● **Data**

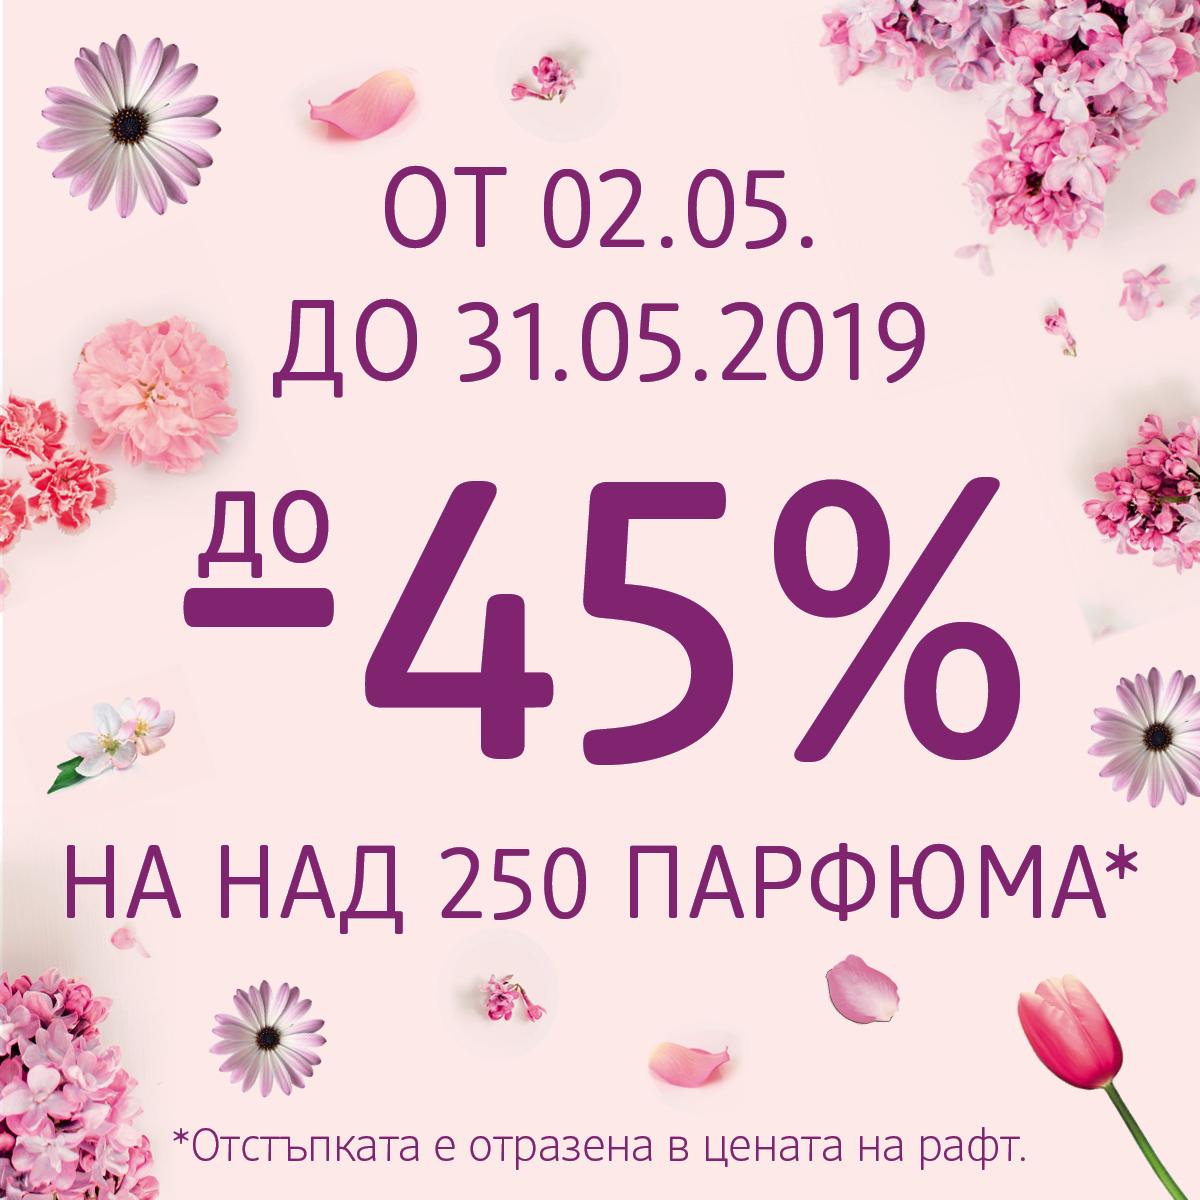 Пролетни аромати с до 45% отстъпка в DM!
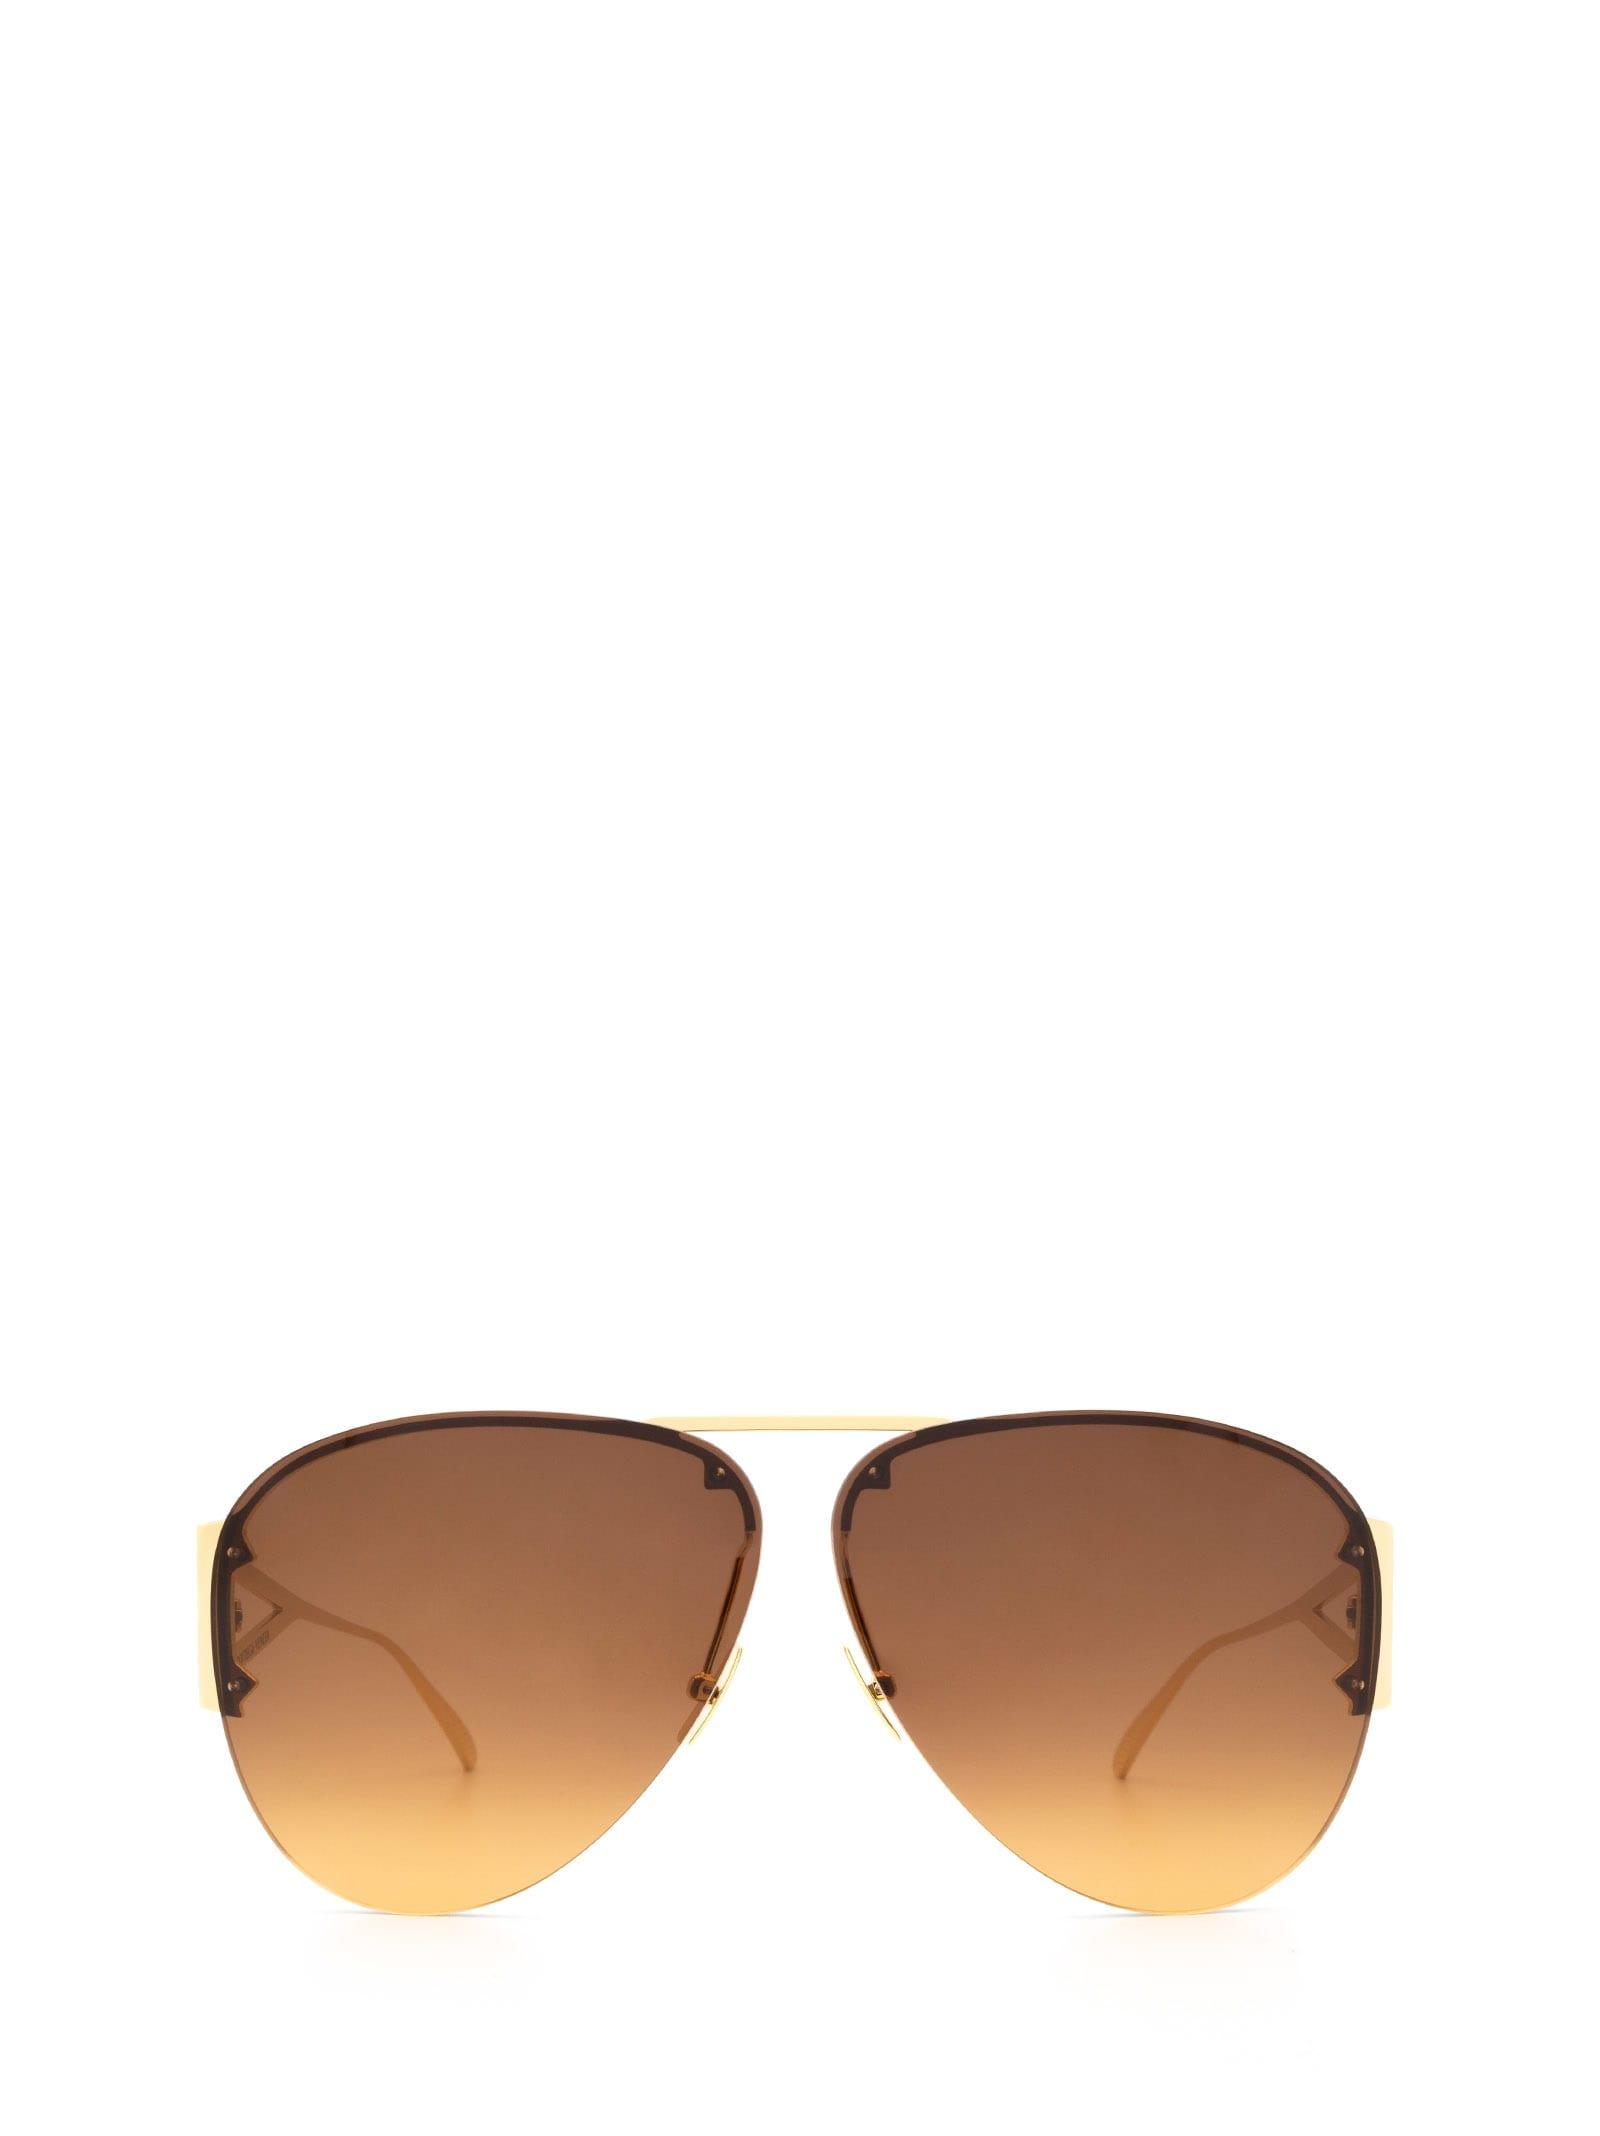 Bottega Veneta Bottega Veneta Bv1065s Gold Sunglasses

==

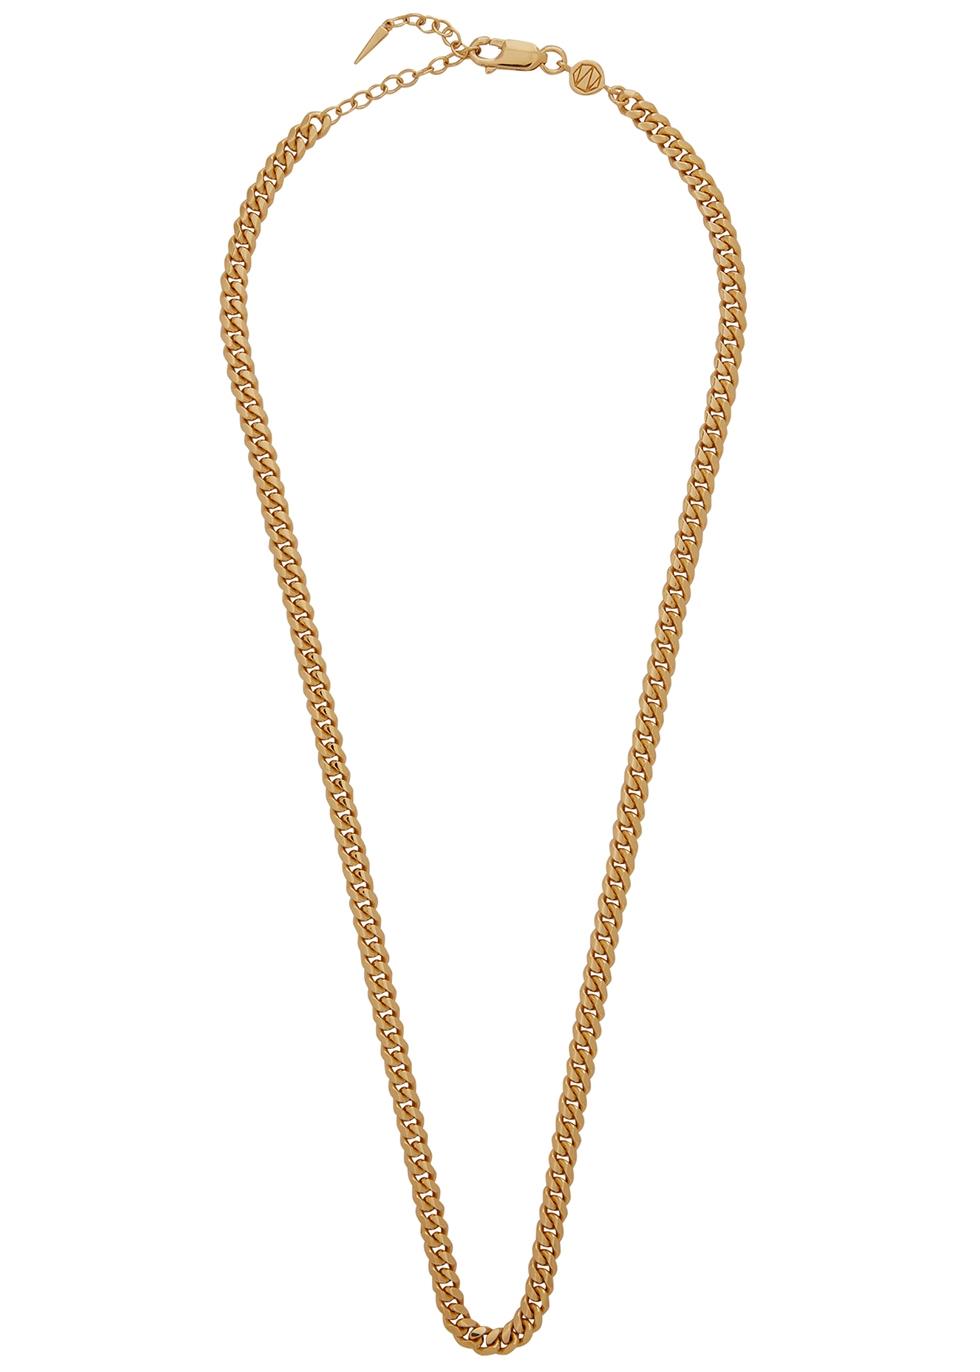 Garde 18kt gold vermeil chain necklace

● **Exercise details**
Excerpt from the records above: set down only the lines from the one that contains "Пролетни аромати с до 45% отстъпка в DM!" through the one that contains "Bottega Veneta Bottega", inclusive, word for word. Pictures stay out.

● **Expected answer**
 Пролетни аромати с до 45% отстъпка в DM!
 Bottega Veneta Bottega Veneta Bv1065s Gold Sunglasses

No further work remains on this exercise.